Florida Democrat Josh Weil, the once little-known progressive teacher who stunned the political world in March by raising nearly $14 million for a failed congressional special election bid, is now running to become the Sunshine State’s next senator.

Weil is the first major Democratic candidate to file for the 2026 Senate race. “I'll be everywhere,” Weil said of his planned campaign tour across the state, which kicks off Wednesday at a veterans center in conservative Clay County.

By entering the race, Weil hopes to replace Sen. Ashley Moody, a Republican selected by Gov. Ron DeSantis in January to replace Marco Rubio once he became secretary of State.

Moody, a former state attorney general who shares a close relationship with U.S. Attorney General Pam Bondi, brought in $1.2 million through her joint fundraising committee and raised roughly $400,000 in her campaign account during the first three months of this year for the 2026 election. She has yet to attract a serious primary challenger.

She also has brought together a campaign apparatus that looks similar to the team that helped Donald Trump to victory in 2024, one that includes pollster Tony Fabrizio and former Trump campaign co-chair Chris LaCivita at a super PAC supporting her election. Her ties to key players in the Trump orbit are a sign the president is unlikely to support a challenger during the GOP primary, even though DeSantis picked Moody without asking for Trump’s permission or blessing.

Trump’s involvement in the state he calls home could make Weil’s Senate bid more difficult. He previously sought the Democratic nomination for Senate during the 2022 cycle, but lost to former Rep. Val Demings — who went on to lose to Rubio by 16 points despite massively outfundraising him. Weil said that in the next 17 months Trump’s favorability could fall, even in Florida, citing his tariff announcements as an example.

“By this time next year,” Weil said, “we could see Ashley Moody trying to distance herself from Trump to save her political campaign.”

The House seat Weil ran for in April opened up after Mike Waltz joined the Trump administration as national security adviser, only to be mired in a messaging scandal months later that resulted in Trump instead nominating him to be confirmed as the next U.N. ambassador. Republican Randy Fine, a former state legislator, won that race by 14 points.
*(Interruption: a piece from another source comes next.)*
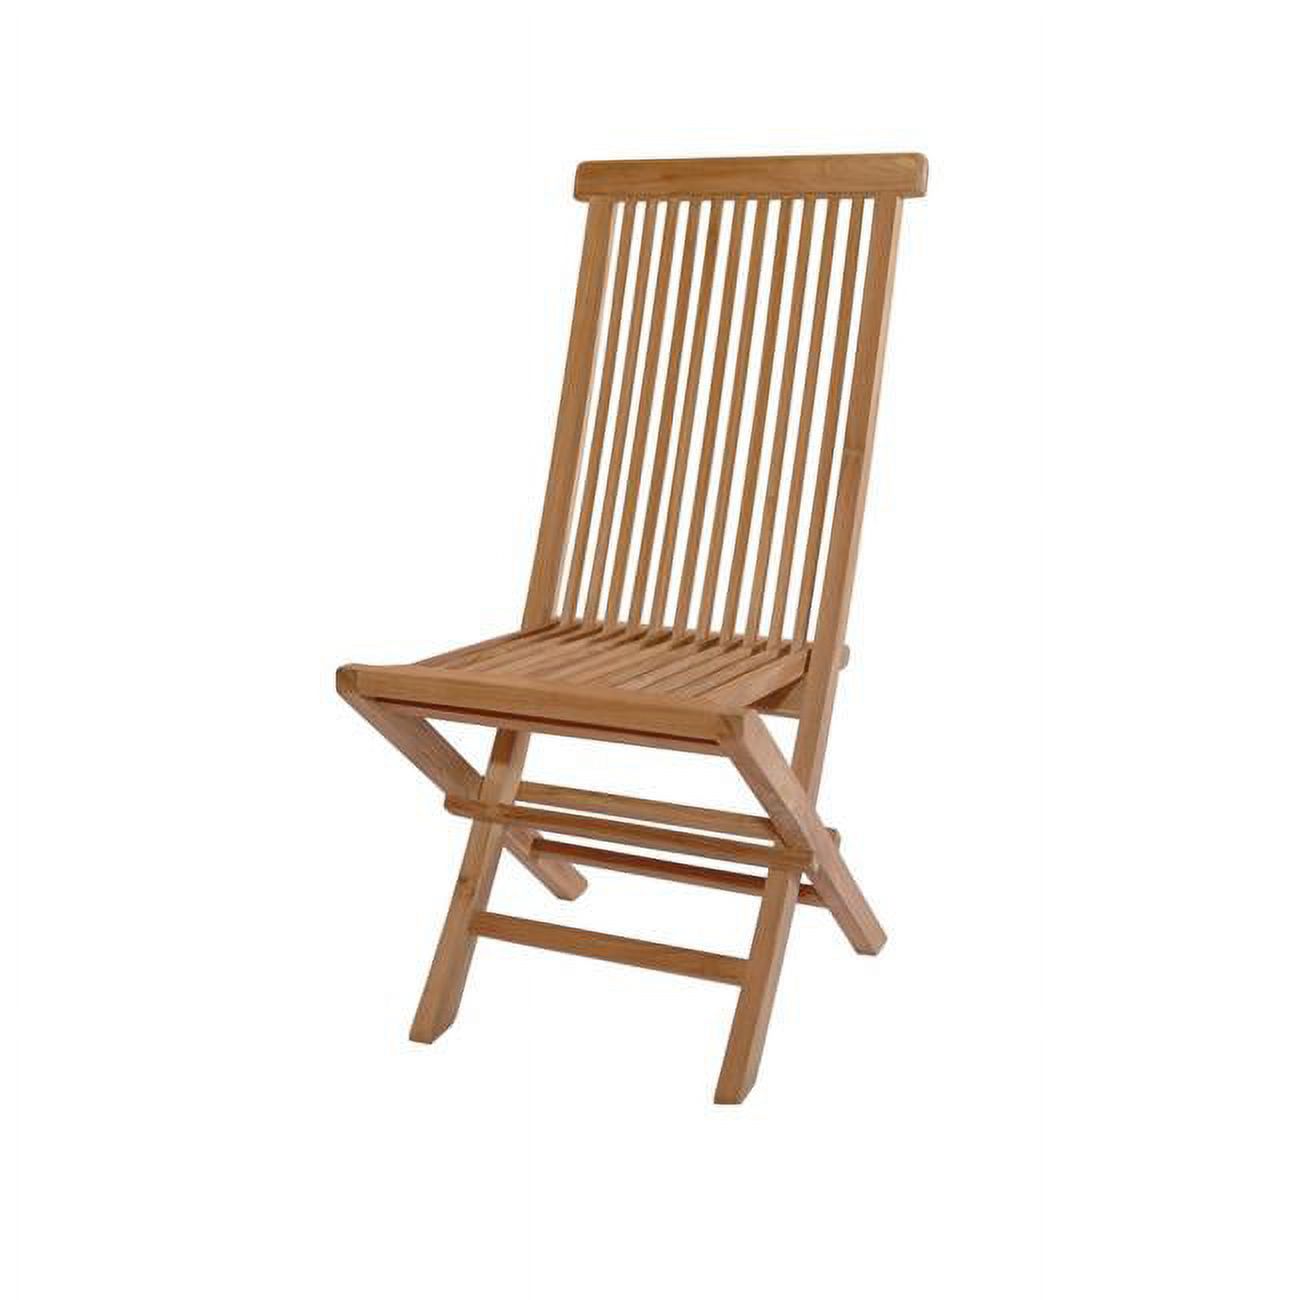 Anderson Teak Classic Folding Chair - image 1 of 5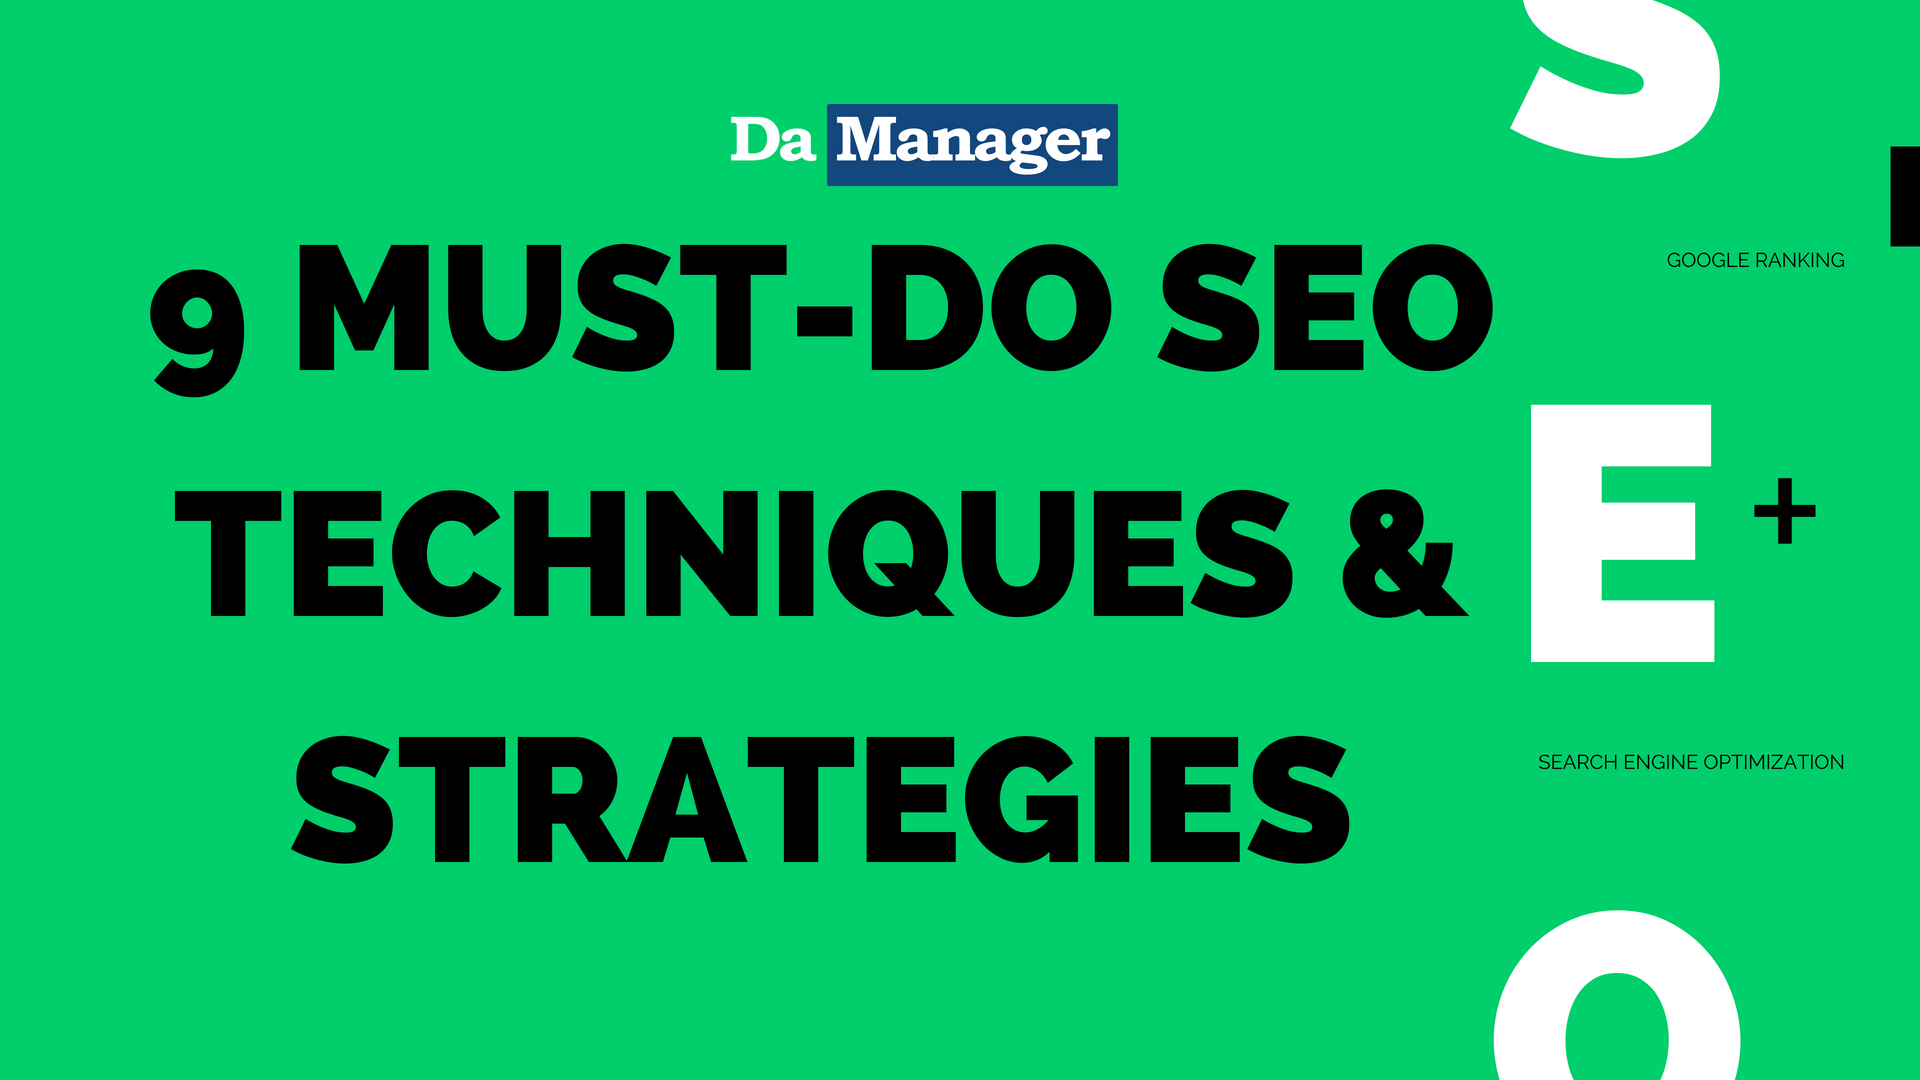 9 Must-do SEO Techniques & Strategies

But because Trump and DeSantis both won those areas by more than 30 points in 2024 and 2022, respectively, Democrats said they viewed their overperformance as a backlash to Trump. Much of Weil’s fundraising during that election came from small-dollar donors outside Florida, including through targeted texts and emails, as well as social media ads.

It’s not clear the same fundraising machine will bear out for Weil in 2026. The special election was one of the few federal contests giving Democrats an early opportunity to fundraise against Trump, particularly given a narrow GOP House majority. Weil said he expected the Senate race to be a $100 million contest — a total that’s typical for competitive races in Florida but that has become less frequent in recent cycles as the state has become more red.

“We built a massive fundraising infrastructure,” Weil said of the April election. “We firmly believe that we have the largest data bank and fundraising infrastructure in the country right now, and so applying the practices that we did with the data we have, at the level we did, is going to bear out pretty consistent results.”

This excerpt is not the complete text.